■ WHAT IS BEING ASKED:
An exact copy of all the data below is needed, without its pictures.

──────── DATA SHOWN ────────

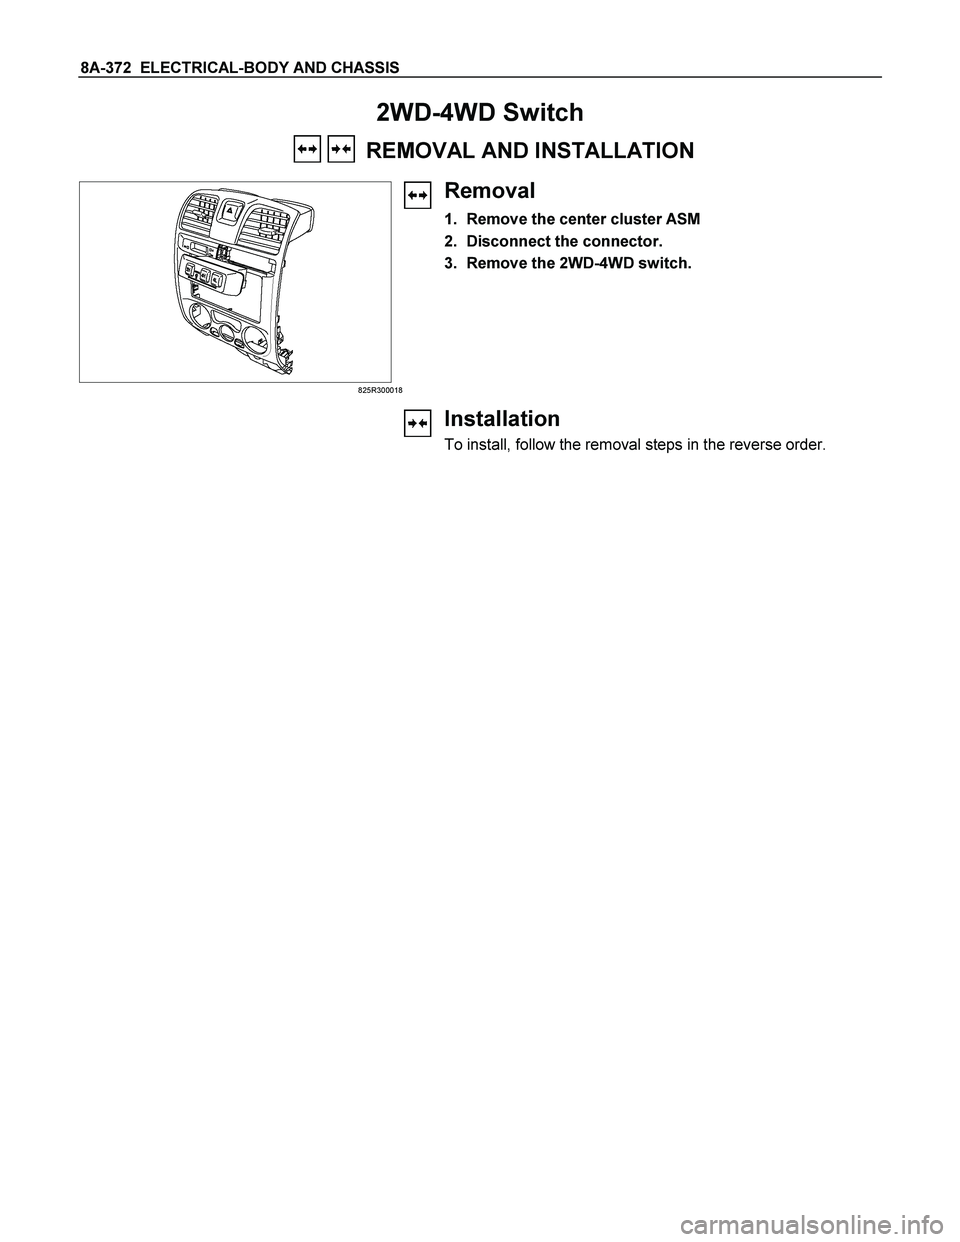 ISUZU TF SERIES 2004  Workshop Manual 8A-372  ELECTRICAL-BODY AND CHASSIS 
2WD-4WD Switch 
    REMOVAL AND INSTALLATION  
825R300018
 
Removal 
1.  Remove the center cluster ASM 
2.  Disconnect the connector. 
3.  Remove the 2WD-4WD switc

────────

■ RESULT FOR THIS TASK:
 ISUZU TF SERIES 2004  Workshop Manual 8A-372  ELECTRICAL-BODY AND CHASSIS 
2WD-4WD Switch 
    REMOVAL AND INSTALLATION  
825R300018
 
Removal 
1.  Remove the center cluster ASM 
2.  Disconnect the connector. 
3.  Remove the 2WD-4WD switc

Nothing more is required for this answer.